Computer vision (CV) is the technology behind computers
gaining an understanding from images or videos. The concept rings back to data
collection for artificial intelligence (AI), and there are certainly a lot of
similarities between the two, but CV has a lot more to do with detecting
patterns than AI does. Really, CV has a lot more in common with machine
learning, a branch of AI.
Regardless, we use CV today to manage and organize our data. With everyone putting out tons of data every day, usually without realizing it, something has to make sense of it all.
Investors and companies love using data, so creating better computer vision is financially important. That said, the average consumer gains a lot from CV, but we’ll get to those reasons in a moment.
How CV Works
The secret is the utilization of data. In 2012, CV sparked a sort of AI revolution in businesses
due to the important value of consumer data. The data can be taken in by giving
the machine a way to see. Whether we mean a program that can analyze videos or
an actual machine using a camera, we still have to give them the power of sight
before they can make sense of anything.
From there, it’s all about finding patterns. Sometimes users can give information to tell a computer that a shirt is blue, but the computer can also learn on its own the difference between blue and green, so the use of labels is unnecessary.
This sort of awareness gives us a lot of help in some technologies we’re trying to develop to perfection this year. Here are six that society hopes to get off the ground soon.
1. Self-Driving Cars
An autonomous vehicle can’t work without an AI that’s constantly speaking with other vehicles, stop lights, the road itself and many other factors. To properly drive, the car needs to see and recognize what’s going on around it.
Manufacturers for self-driving cars install cameras, radars and other equipment to ensure the vehicle works as safely as possible.
2. Image Recognition
Whether we’re talking about facial recognition or doing a reverse image search on Google, recognizing images is the main part of CV.

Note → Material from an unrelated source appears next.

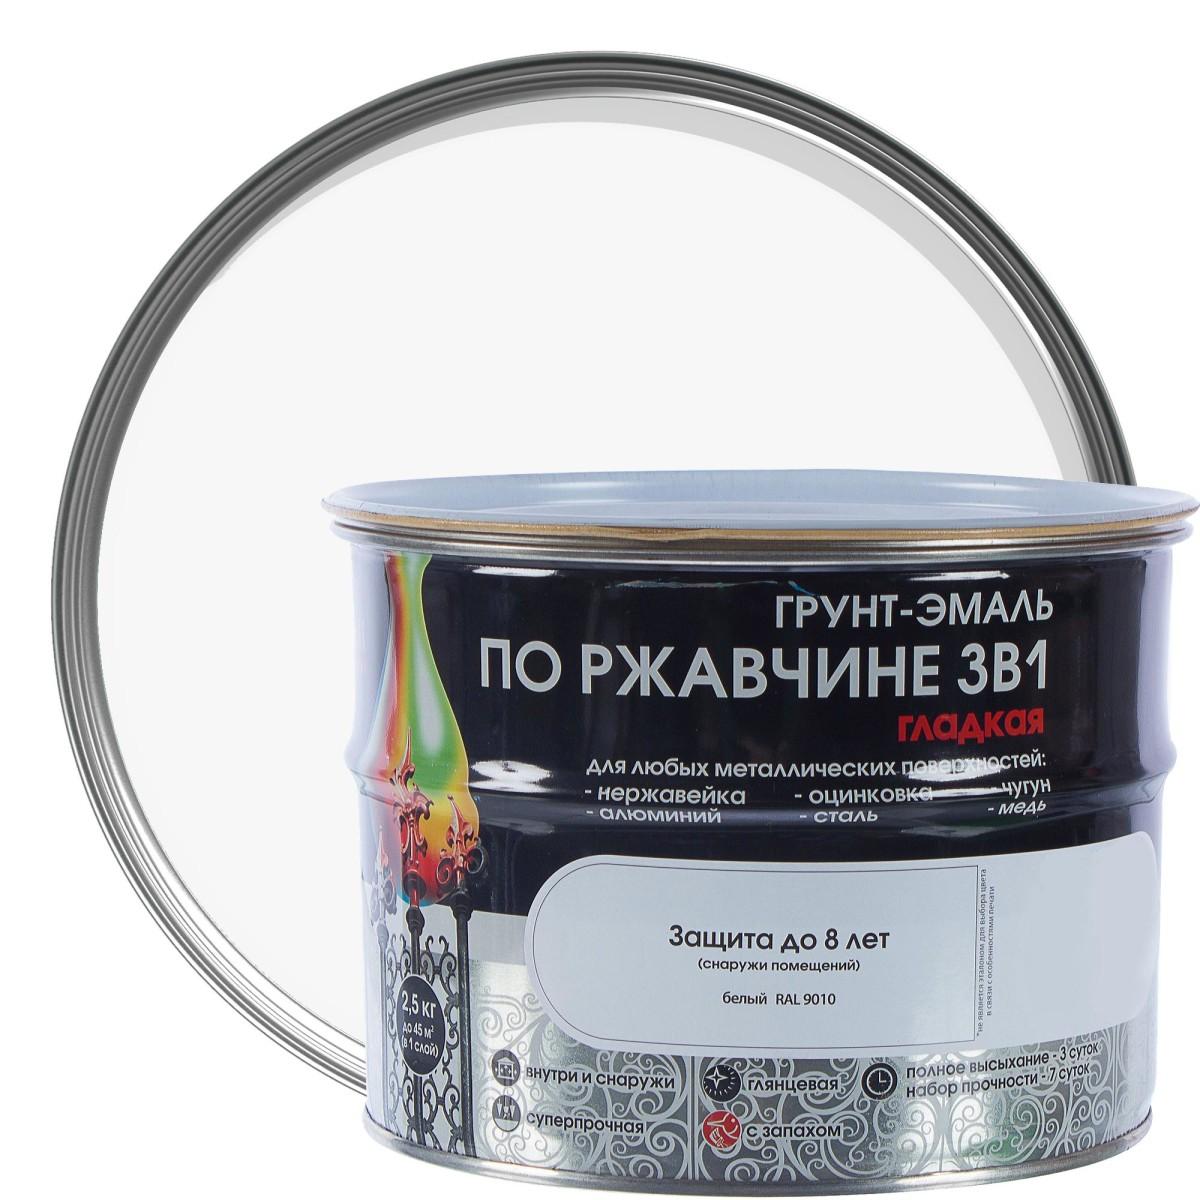 Грунт эмаль по ржавчине 3 в 1 гладкая Dali Special цвет белый 2.5 кг
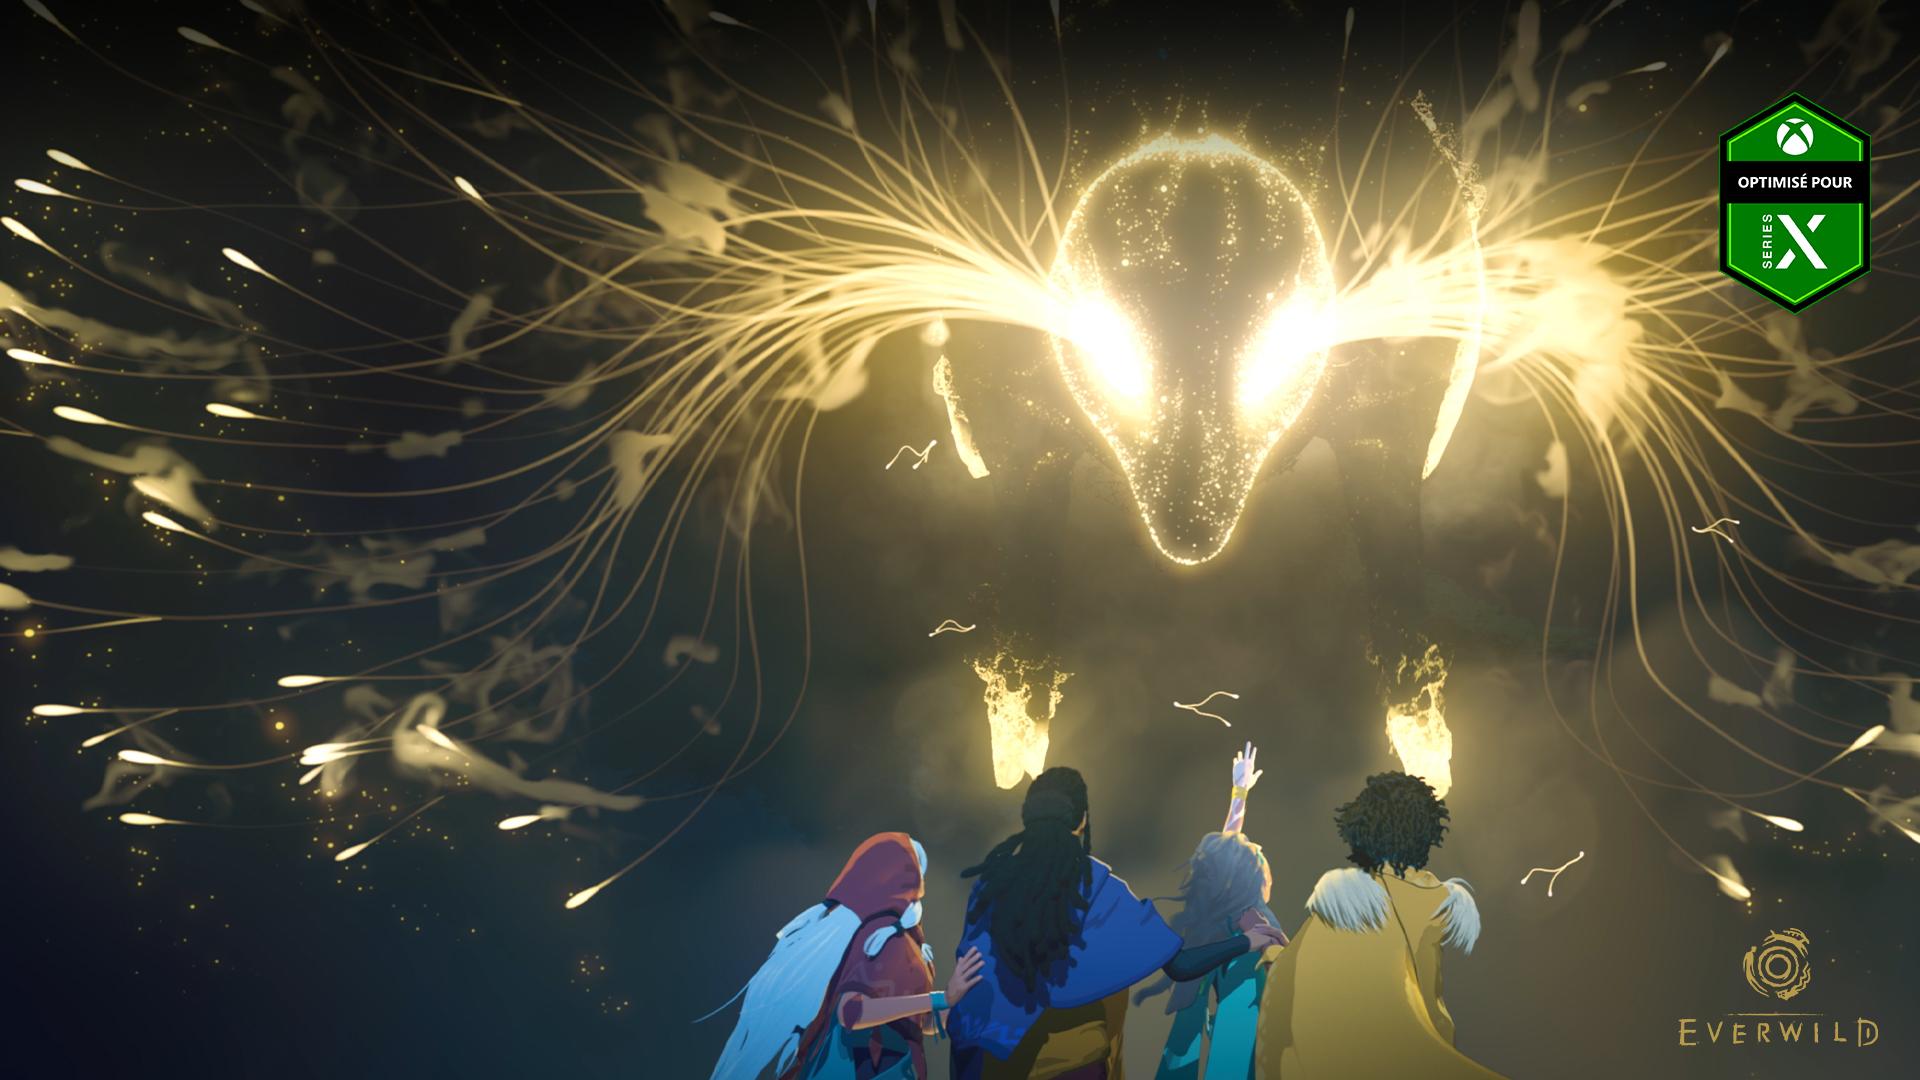 Dans Everwild, optimisé pour Series X, un groupe de personnages se tient sous une tête de cerf constituée d'éclairs lumineux.

We use this technology already in authentication biometrics to unlock our phones by just looking in the camera. The data compiles images of people, objects, movement and other content to gain an understanding.
3. Cloud Processing
The cloud is often filled with data, whether it be the Internet of Things or the local cloud for a company. Either way, something needs to classify and organize the data for use, which is where CV steps in.
In a cloud, the only limitations CV faces is internet bandwidth, so it can continue working as fast as possible for the most efficient outcome.
Much like a self-driving car, farming equipment is starting to become automated, too. Instead of watching for other vehicles and traffic, this CV focuses on the crops.
By recognizing the different states of the crops, whether they’re ready for harvest and identifying herbicides, CV can automate entire farms on its own. Farmers are confident that 90% of herbicides can be reduced with CV technology.
Most medical data is image-based, so deciding to implement CV as a means to double and triple check a diagnosis isn’t brain surgery.
CV can analyze X-rays and other scans to compare all other information before deciding that something isn’t right with a patient.
Human error is always a problem in the healthcare industry, and CV can help cut down on this issue.
The building of heavy machinery, including those self-driving cars we mentioned earlier, can be dangerous and tedious work. Getting an AI to work on a pattern is one thing, but making CV know how to put an entire product together or take something apart to fix a problem is another.
CV can do predictive maintenance before anything goes wrong. Not to mention that product quality can suddenly be second to none so long as an AI gets everything perfect every time it’s put to work.
A World With Computer Vision
We can go to a fully automated world with CV, but we have to get it there first. The progress of technology has been a steady climb within the last century or so. Recognition software has become commonplace in most households by now, so the implementation of better CV is easy, practical and logical.
While the worry about machines taking jobs away can be a valid concern, right now CV aims to make lives easier, whether for convenience or detecting extremely important patterns. The line where automation becomes a problem is still a ways off yet.